How to complete this task :: With the pictures omitted, print exactly the lines below, from the one containing "5cbe5c9868a Pirátský šátek" through the one containing "Dutch civilians flee", and nothing else.

Task data ::
__________

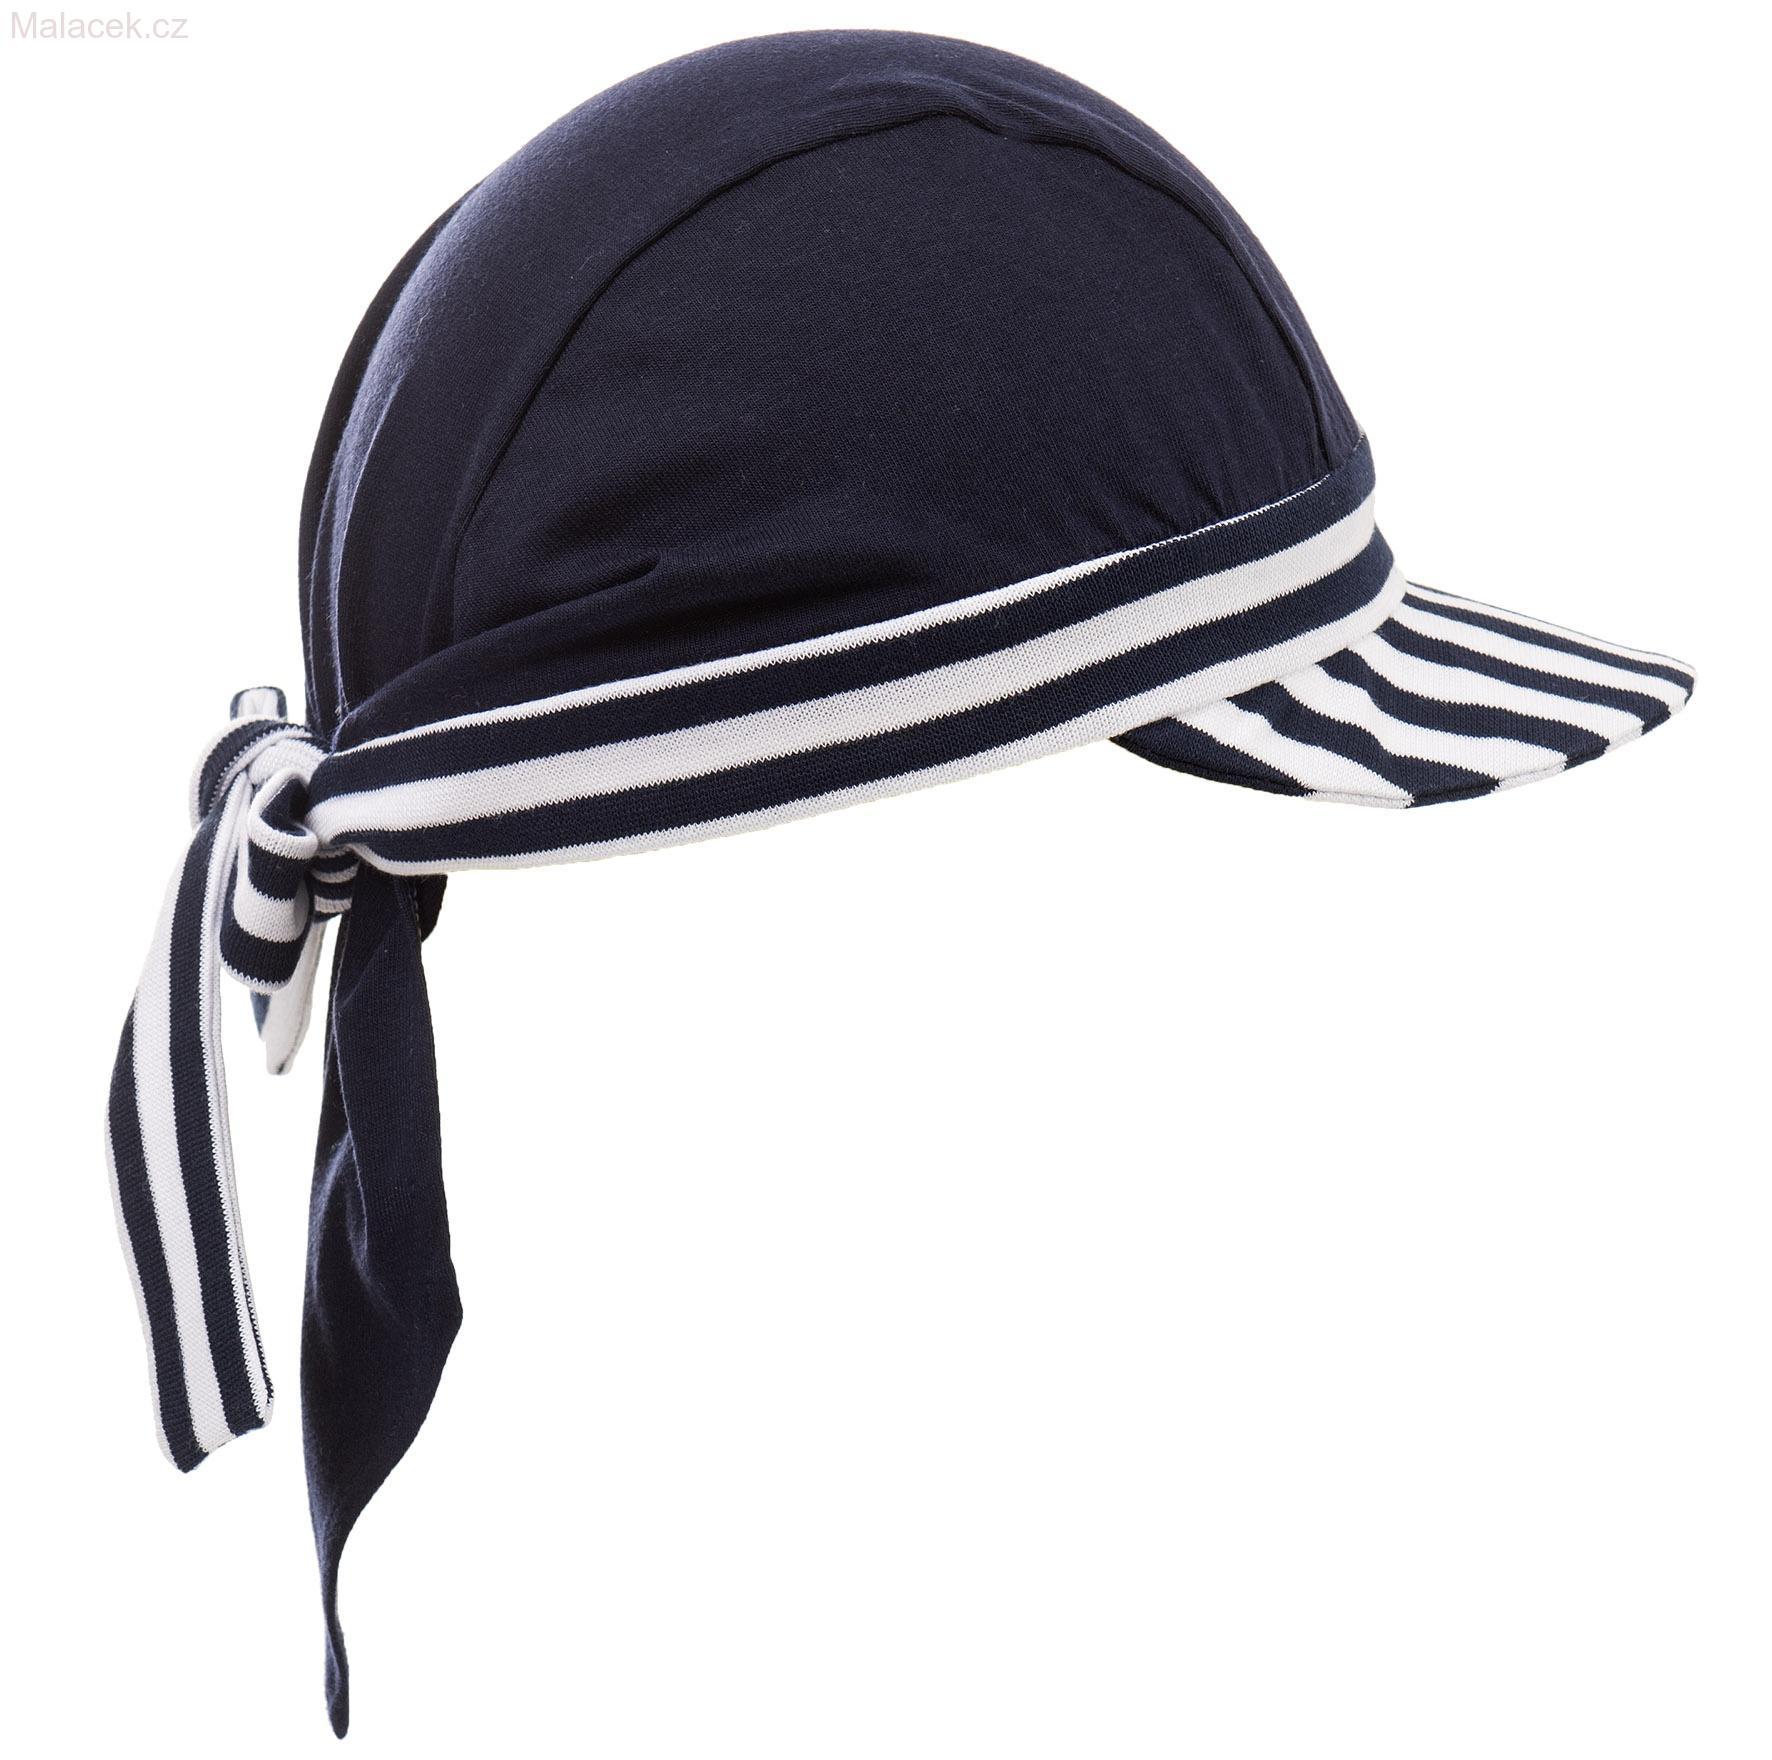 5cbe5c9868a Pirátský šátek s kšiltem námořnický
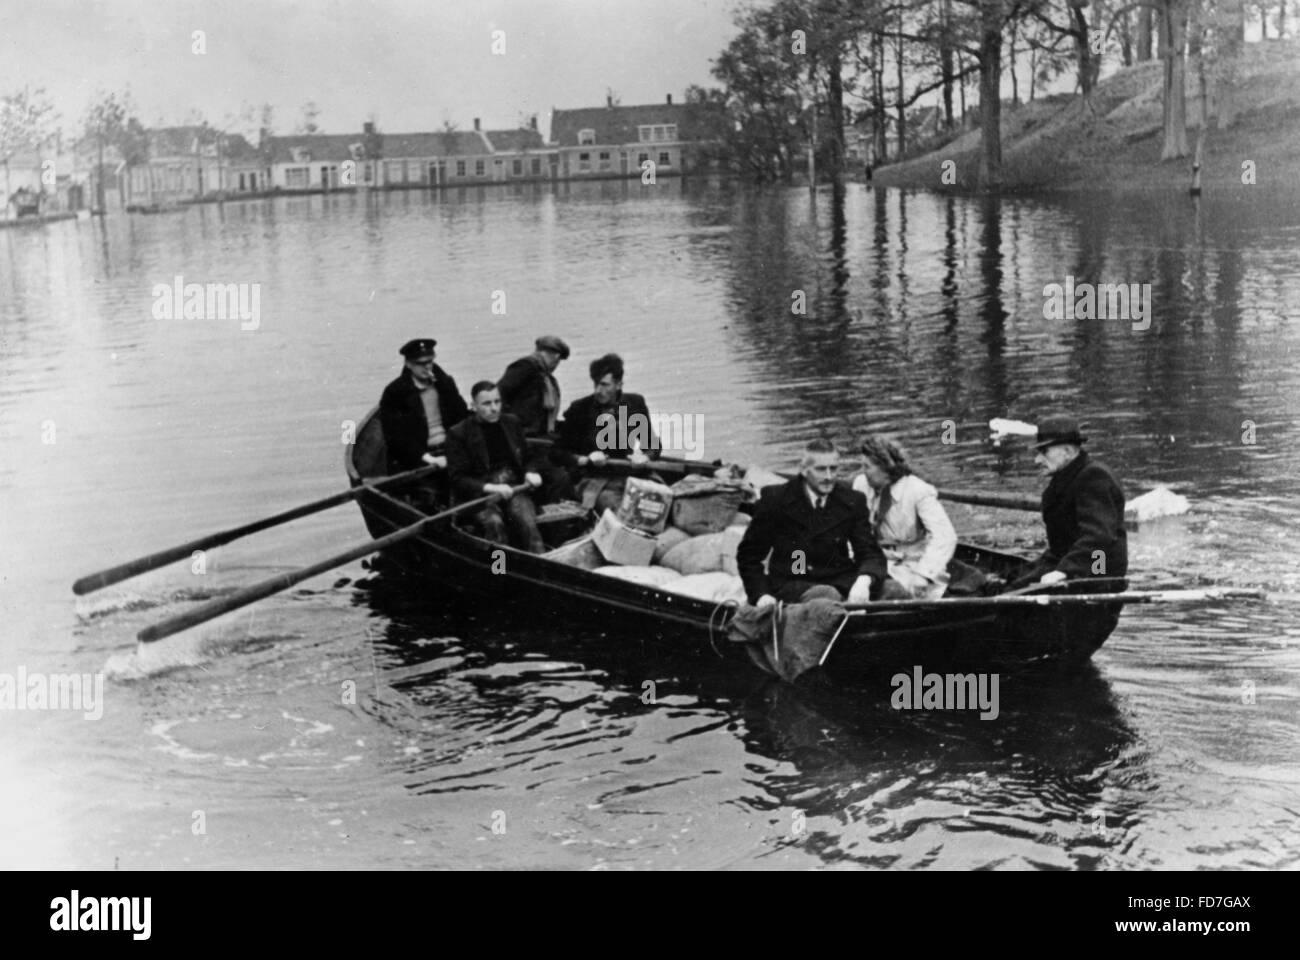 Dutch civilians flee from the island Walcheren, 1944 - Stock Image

__________

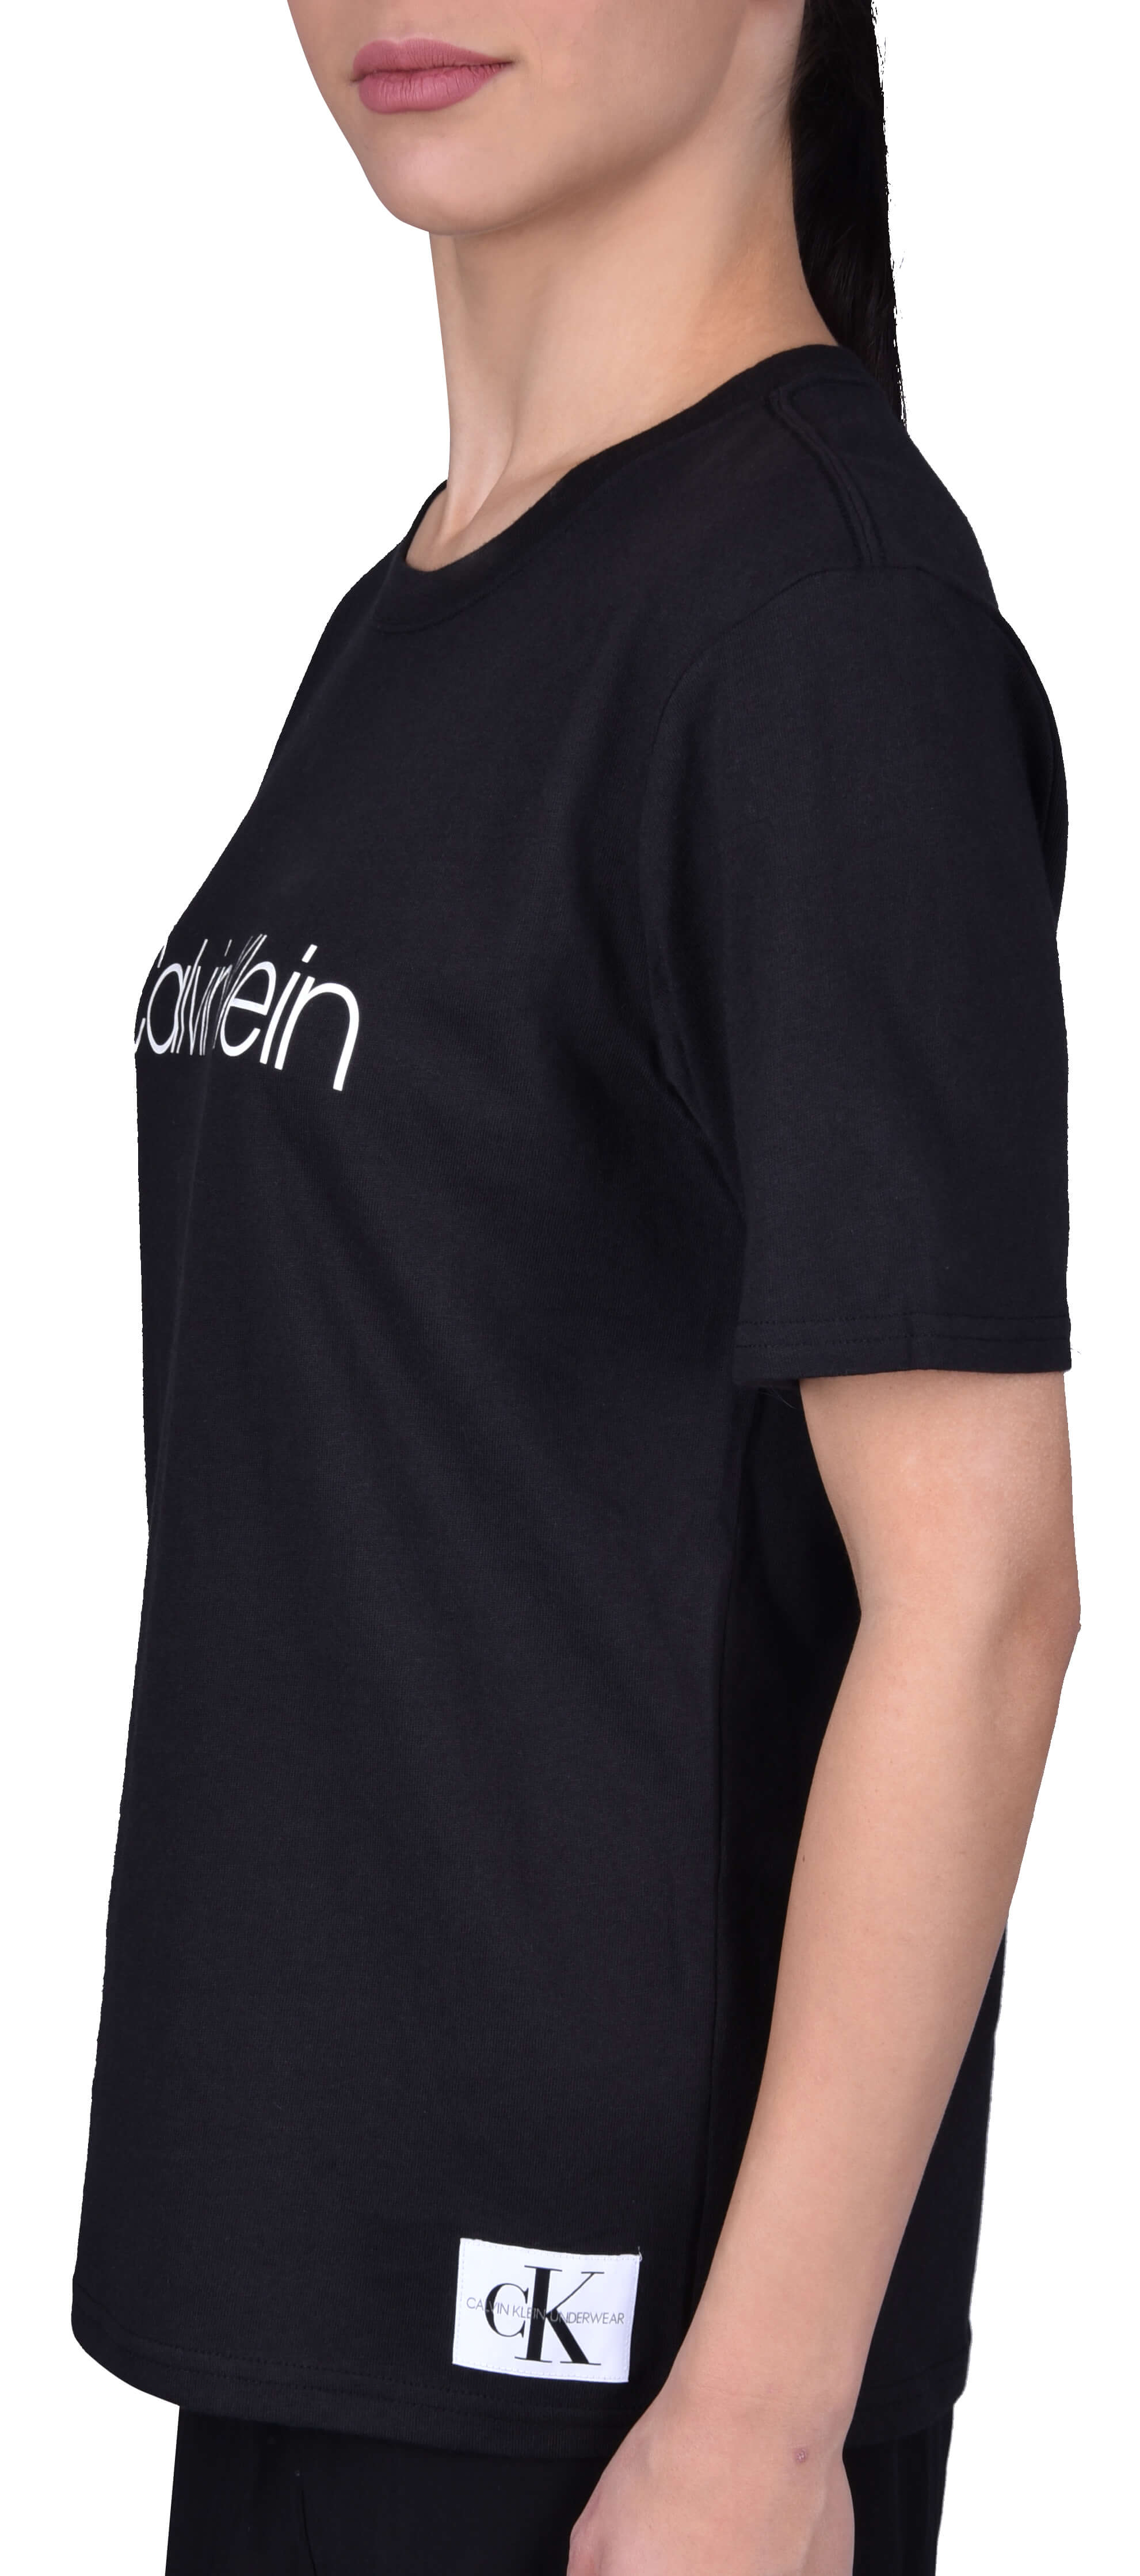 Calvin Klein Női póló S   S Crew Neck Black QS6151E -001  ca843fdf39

__________

Your response ::
 5cbe5c9868a Pirátský šátek s kšiltem námořnický
 Dutch civilians flee from the island Walcheren, 1944 - Stock Image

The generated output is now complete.